Щепкин нехотя поднялся. Ему казалось, что он не должен говорить сейчас о том, чего, наверное, не поймут эти люди. Что машины изношены и капризны в управлении, что до сих пор нет крепкой связи с наблюдательными постами на Волге, что британцы хитрят и каждый раз заходят с тех курсов, где их не ожидают, что на «де-хэвилендах» у них стоят тяжелые пулеметы с магазинами на триста патронов, что в славяно-британском авиационном корпусе собраны лучшие мастера летного и огневого дела.
Во мгле поблескивали, как холодные кристаллики, внимательные, ждущие глаза, и он сказал только то, что должен был сказать:
— Товарищи! Мы небо закроем! Должны закрыть!
— Когда? — спросил тот же сердитый женский голос. Наконец выбралась к фонарю и стала над ним высоченная, на голову выше Щепкина, девушка в длинной юбке и разодранной на рукавах старой кофте. Толстая коса моталась по округлому плечу, светилась медью. Была она рыжа до изумления, до полыхающей пламенной красноты, и, как у всех рыжих, лицо у нее было слишком белое, с мелкими темными веснушками. На ногах нелепо торчали разношенные войлочные коты. Свет бил снизу, от этого глаза тонули в тенях, но столько в них, по-кошачьему зеленоватых и узких, было презрения, что Щепкин растерянно заморгал.
— Ну что ты, Маняша, вылезла? — с укоризной сказал старик. Но она отмахнулась от него, положила тяжелую цепкую руку на плечо Щепкину и развернула его лицом к рабочим.

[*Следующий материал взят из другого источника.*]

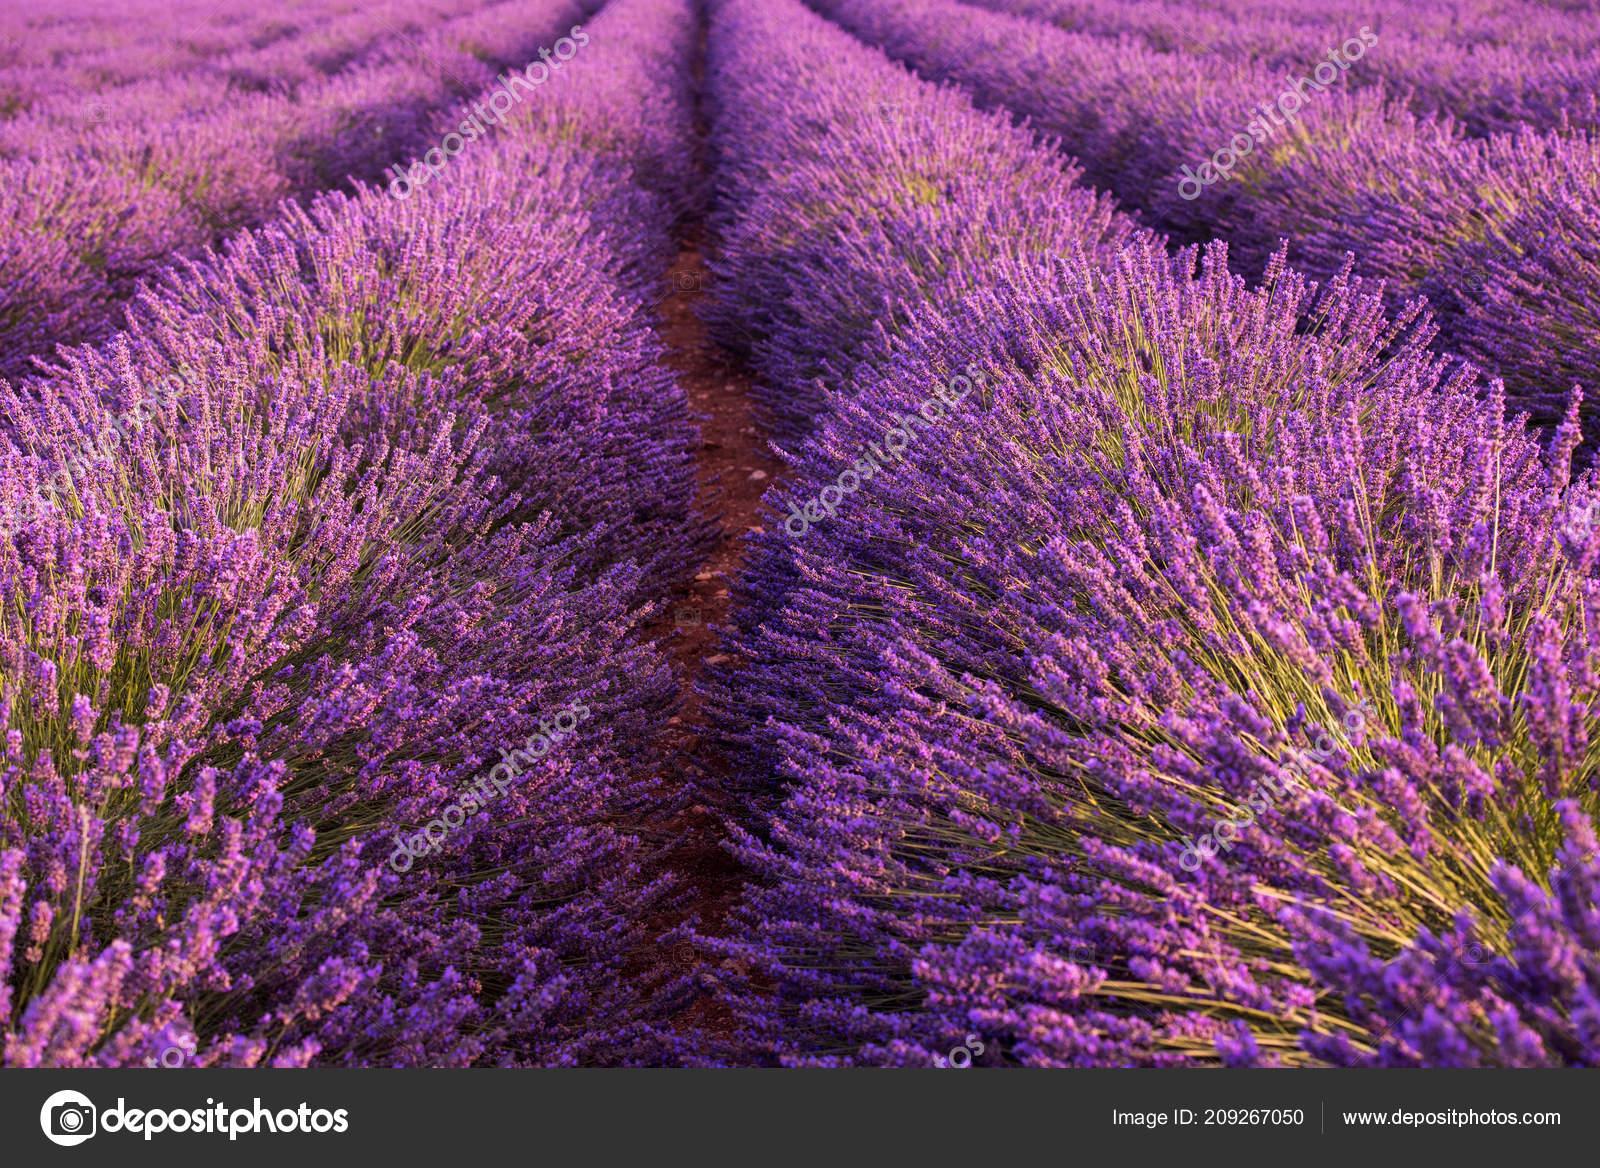 Closeup Purple Lavender Field Blooming Flower Sunlight Flare Bacground Nature Stock Photo C Shock 209267050

— Ты не на меня, ты туда смотри, прохвост! И вы на него смотрите! И я на него смотреть буду! Интересно, выдержит он это или все-таки сквозь землю провалится? И хватило у тебя совести? — спрашивала она низким раскатистым голосом. — Орел? Глядела я на вас по весне, на ваше поле бегала, радовалась! Как же, такие бугаи! Все в коже! К аэроплану идут — картина! Как взмоют в небеса — ах хорошо! Наши! Свои! Родимые! А толку от вас, как от того же бугая меду! Вы что ж, думаете, на вас управы нету? Вы как же решили, придете сюда, объяснения объясните — и мы вам в ладоши бить будем? Пожалеем вас? Ну уж нет! Вы-то нас не жалеете! На вас вся вина! На тебе!
— В каком смысле? — глянул растерянно Щепкин.
— Смысл ищешь? Гляди, — она ткнула рукой. — Встань, Клюквина! Встань!
Среди рабочих поднялась тонкая, худая женщина в черном платье. Лицо у нее было словно восковое. Она смотрела сквозь Щепкина, не понимала.
— У нее мужик без ног в лазарете мучается! Где ты, Балабан?
— Не трожь его! — охнул старик. Но собрание уже раздалось. И Щепкин увидел мастерового, который сидел, подперев голову тяжелыми черными руками, полуголый, грязный, в прожженном кузнечном фартуке, большой, угловатый, с витками стружки в кудрявых волосах. Рябоватое лицо его было сизым, как бывает у сильно запившего человека, в глазах плавала дымная синева, обросшие густой щетиной щеки подергивались. Он молча оглядел повернутые к нему лица, встал и пошел из цеха, не оглядываясь. Только какое-то всхлипывающее гудение, полустон передернуло его, медленного и грузного.
— Сыночка его, Димки, трехлетки, нет. Жены нет. И ты бормочешь? Нет на вас вины?
— Есть, — сказал Щепкин. — Ну, что мне ответить? Казните!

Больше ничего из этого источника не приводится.